Suffice to say, the conservation mission of Benmore is evident to the most casual visitor, and it elevates the place. It is young as well as old and is looking far into the future as well as the past. All this beauty has a purpose. On our descent down Benmore, we moved again into an old, established area, and Baxter pointed to a romantic ruin perched on the cliff above, like a small abbey. It is the stone shell of James Duncan's fernery. There is an active plan to restore it, he said.

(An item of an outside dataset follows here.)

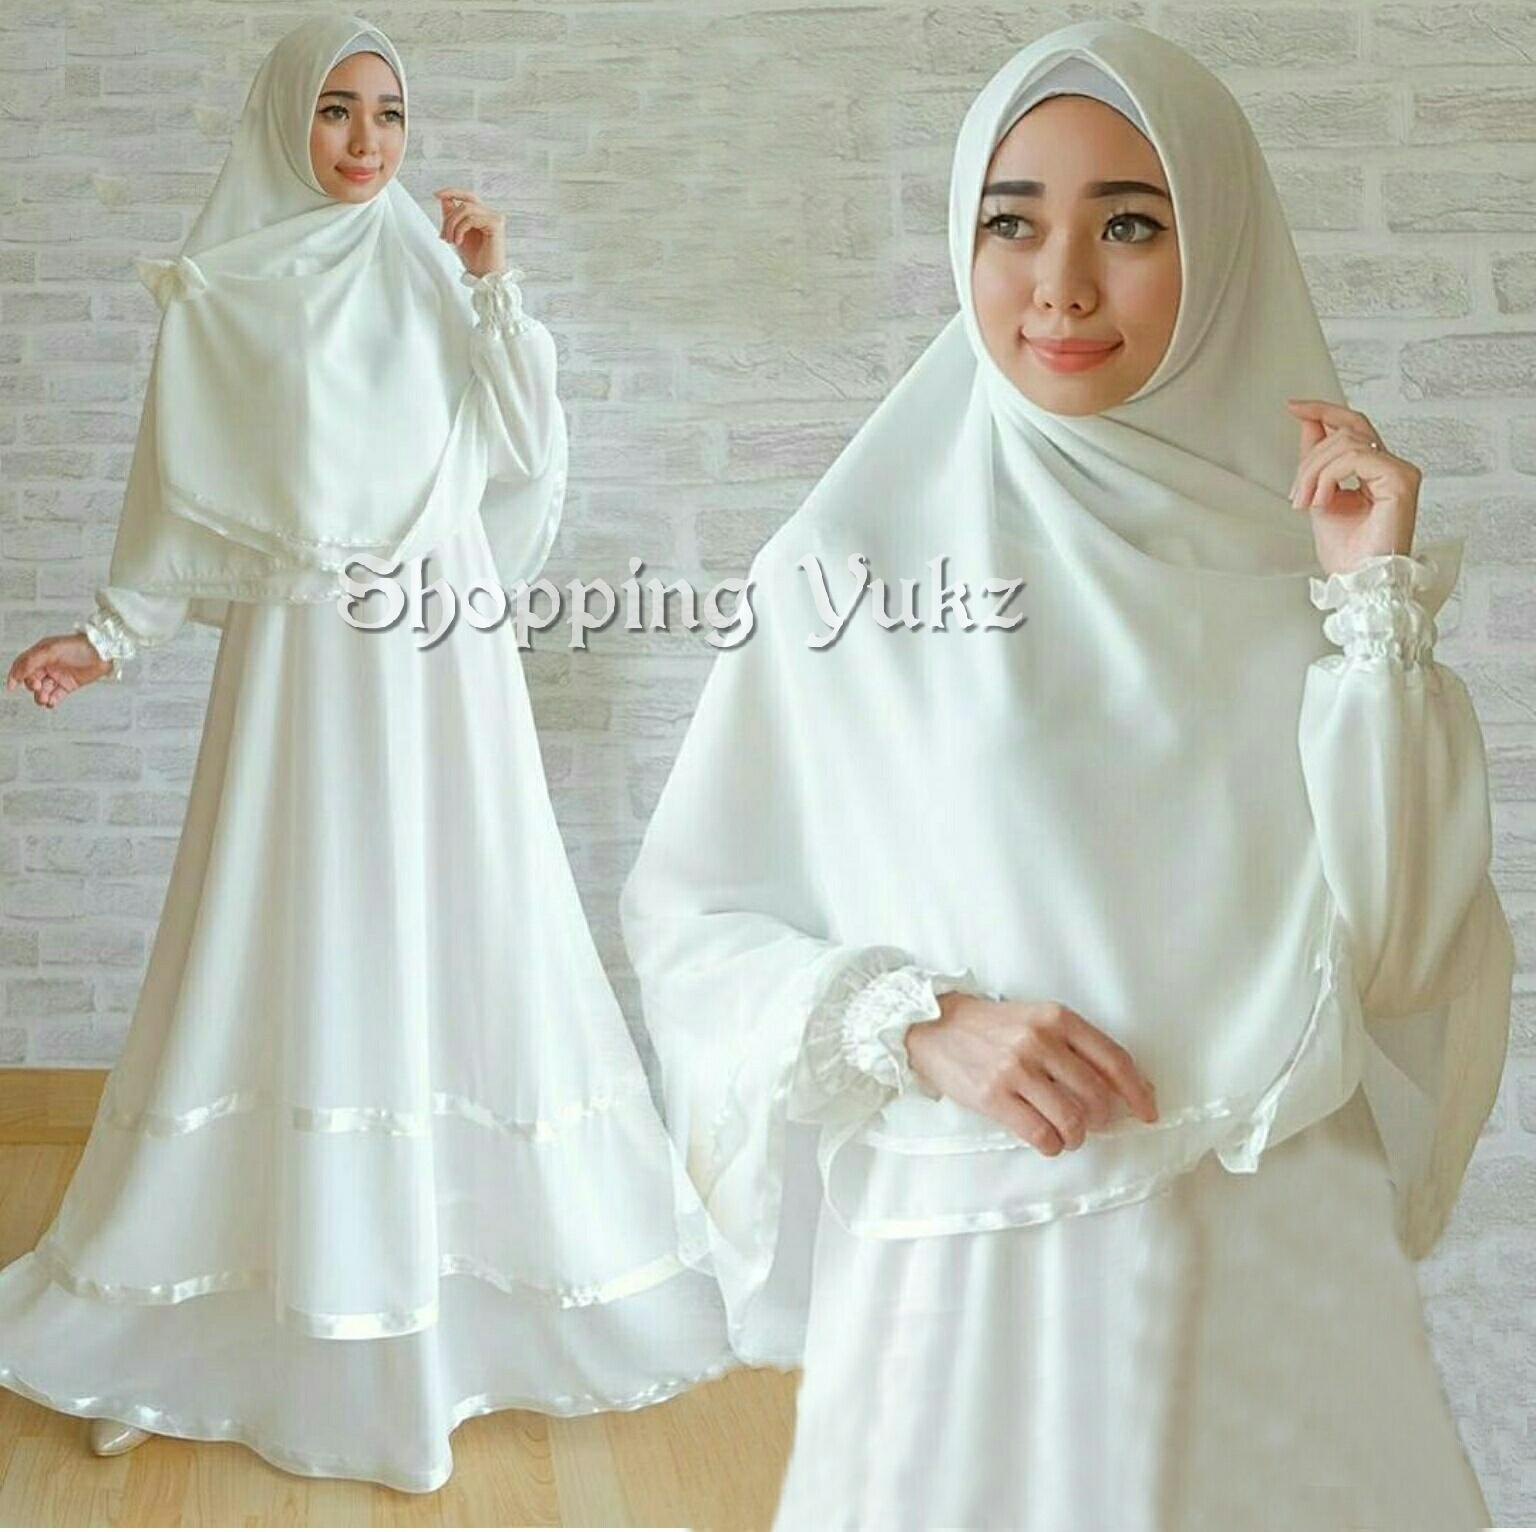 Shopping Yukz Baju Gamis Muslim Syari FITRI - PUTIH ( Dapat Jilbab ) /Dress Muslim / Fashion Muslim / Baju Muslimah / Gaun Muslim / Gamis Wanita / Hijab Muslim/ Gamis Murah

Farther down, we reached another area under development, a native woodland that contains what is already a showcase for the mosses that cushion the woodland floor. Baxter said there are as many as 50 species of moss here. A cliff face, glistening from the constant moisture, holds tiny colonies of liverworts, clinging to the crevices. Mosses, so abundant here, were considered a bit of a weed, Baxter said. Now they are getting their due, though even he is hard-pressed to distinguish the species. Moss experts -- bryologists -- are waiting in the wings.
Benmore is near the mouth of the River Clyde and deceptively close to Glasgow. In less than two hours, you can be transported from modern city to another world. The effort is well worth it. "Most people who do come can't believe it," Baxter said, without swagger. Or, I imagine, exaggeration.
Adrian Higgins is the garden editor of The Post's Home section.